データ世界のシステムは、存外しっかり考えられている。
数多のMMORPGからいいところを吸収し、うまく日常生活として溶け込ませるような仕掛けが施されているように思う。
必要以上に日常を捨てさせず、しかし夢見ていた部分を叶えた、みたいな。
「あ、珍しい人たちが待機ってるね。なにかあるのかな?」
「ん……? ――ああ、【ジャンヌ・ダ・アーク】の連中か。
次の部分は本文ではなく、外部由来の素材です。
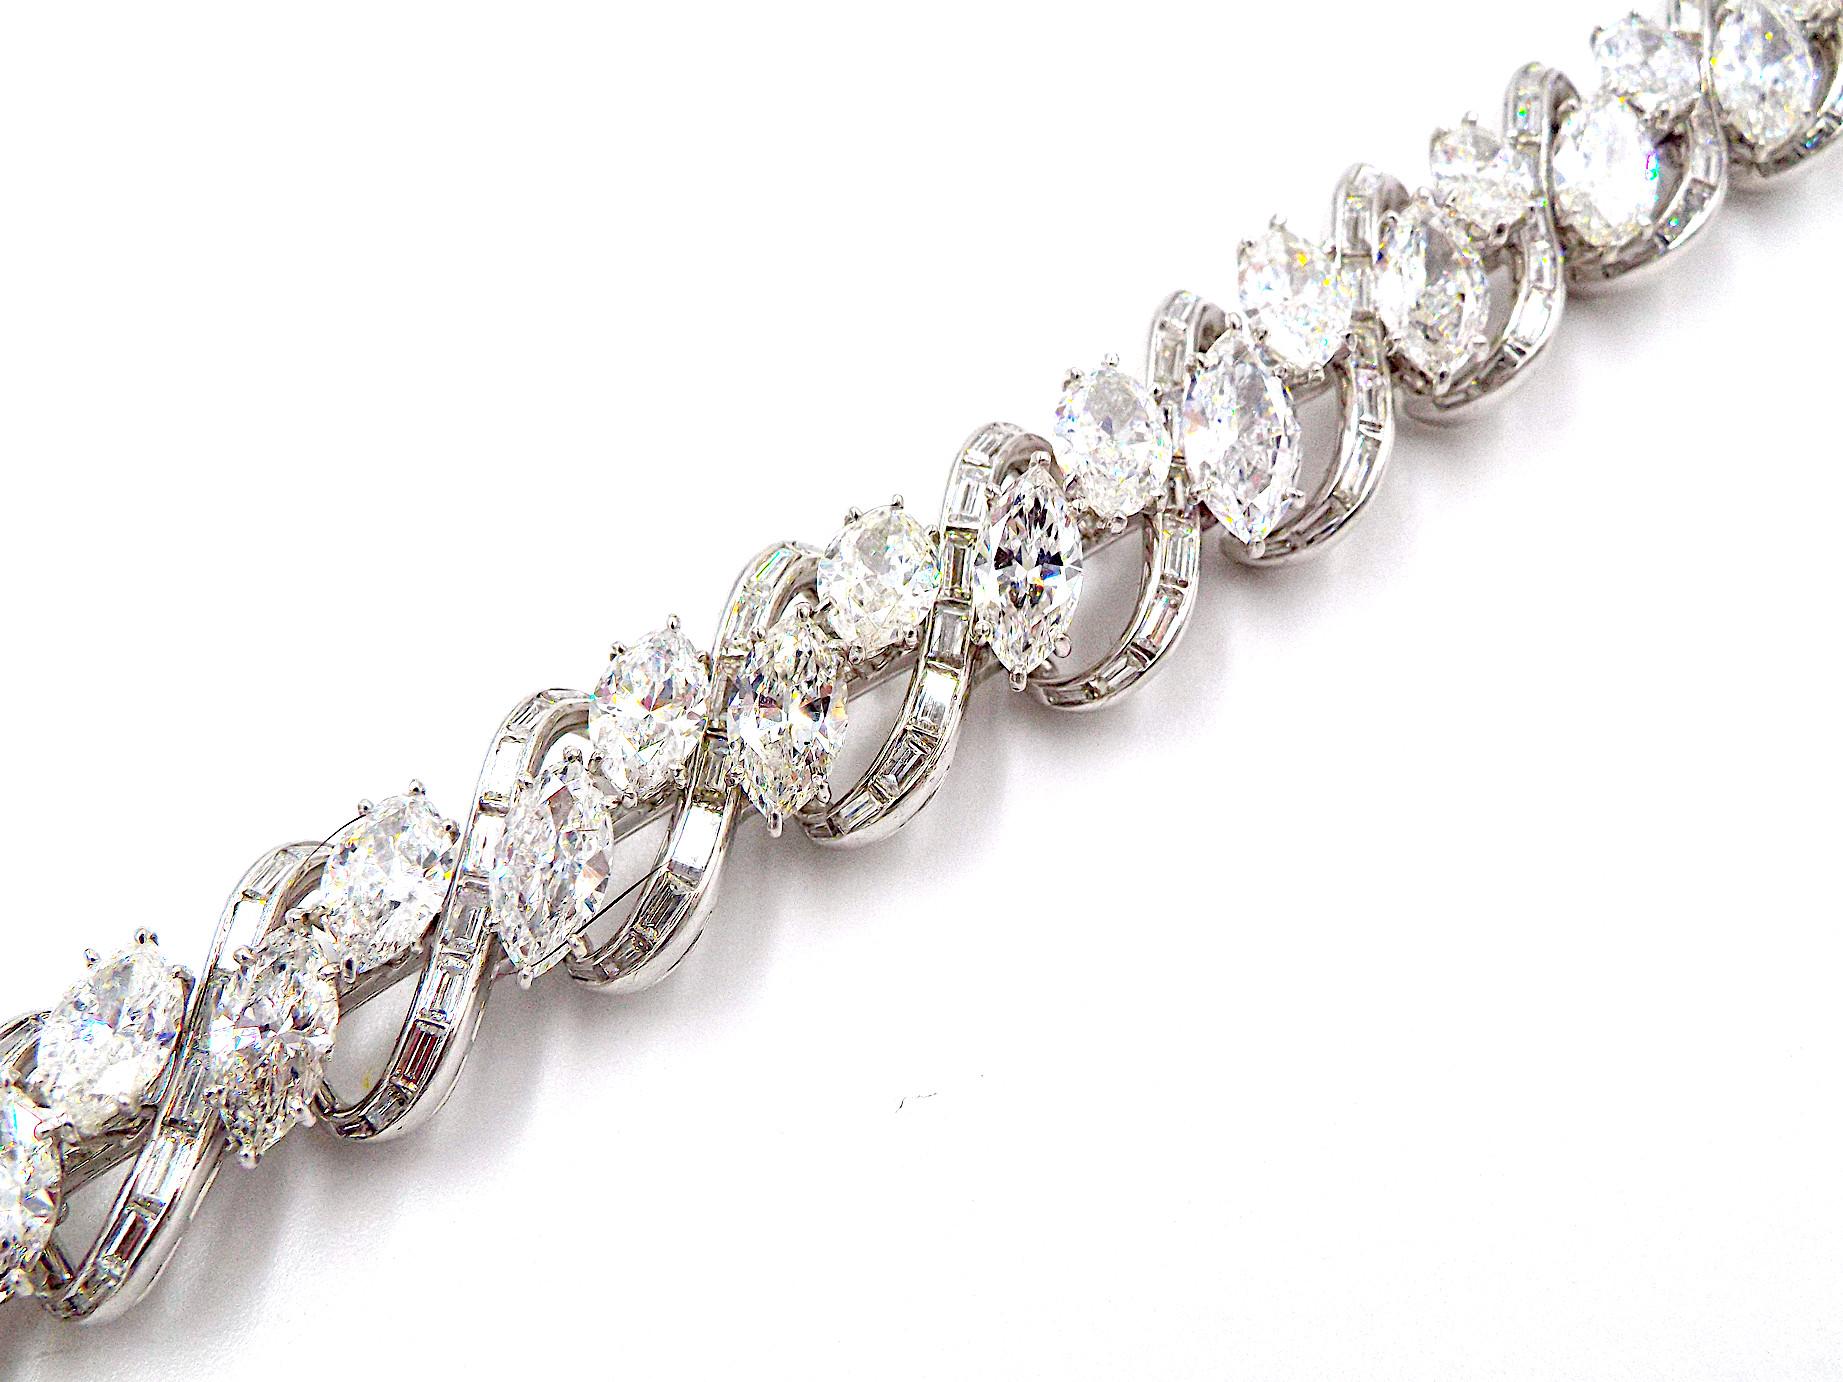 A diamond bracelet of openwork design, centrally set with marquise-shaped diamonds, accented by a stylized woven design, set with baguette-cut diamonds; estimated total diamond weight: 30.00 carats; mounted in platinum; length: 7in. Marquise-cut

大型作戦の出発前か、あるいは帰還後か」
「ギルド直属のリンクってのも、大変だろうね。窮屈そう」
「規律とか規則とかな。ま、どんな自治体でも頭となって統率する人間は必要なんだ、奴らもいなけりゃ困る」
「ルビくん、いつだったかスカウトされてなかった?」
「……俺が首を縦に振ると思うか?」
「んーん、まったく」
リンク――――任意の人間をリーダーとして立て、半永久的に仲間として契約を結んだグループのことだ。一昔前の『企業』が変化した形だと思えば理解に容易い。
組んだリンク内で、方針を決めて依頼をこなし、報酬を分け合う。学生の期間が満了すれば、いずれかのリンクに与するのは必須事項であり、それは自分で立ち上げても構わない。
リンク【ジャンヌ・ダ・アーク】は国内最大規模のリンクで、ギルド直属ということも相まって恩恵は大きい。
ただし、役割は重大。仕事量は莫大。被害も甚大。
市民を守り。国を守り。仲間を守り。自分を犠牲にする。
ブラック企業バンザイ! とでも叫びそうな労働形態は、想像するだけでも溜め息で表情が曇る。
誘われたとて、参加しようなんてこれっぽっちも思わない。
「ルビくんは、卒業ったら自分でリンク作成しそうだよね」
「その方が気楽だからな。マリンが作るなら、俺はそれに乗っかってさらに楽をする。だからぜひ作ってくれたまえ」
「やだよー。むしろ私を加入させてよ。楽したいし」
井戸端会議に花を咲かせていては時間が足りなくなる。
話を切り上げて、二人はポータルへ向かった。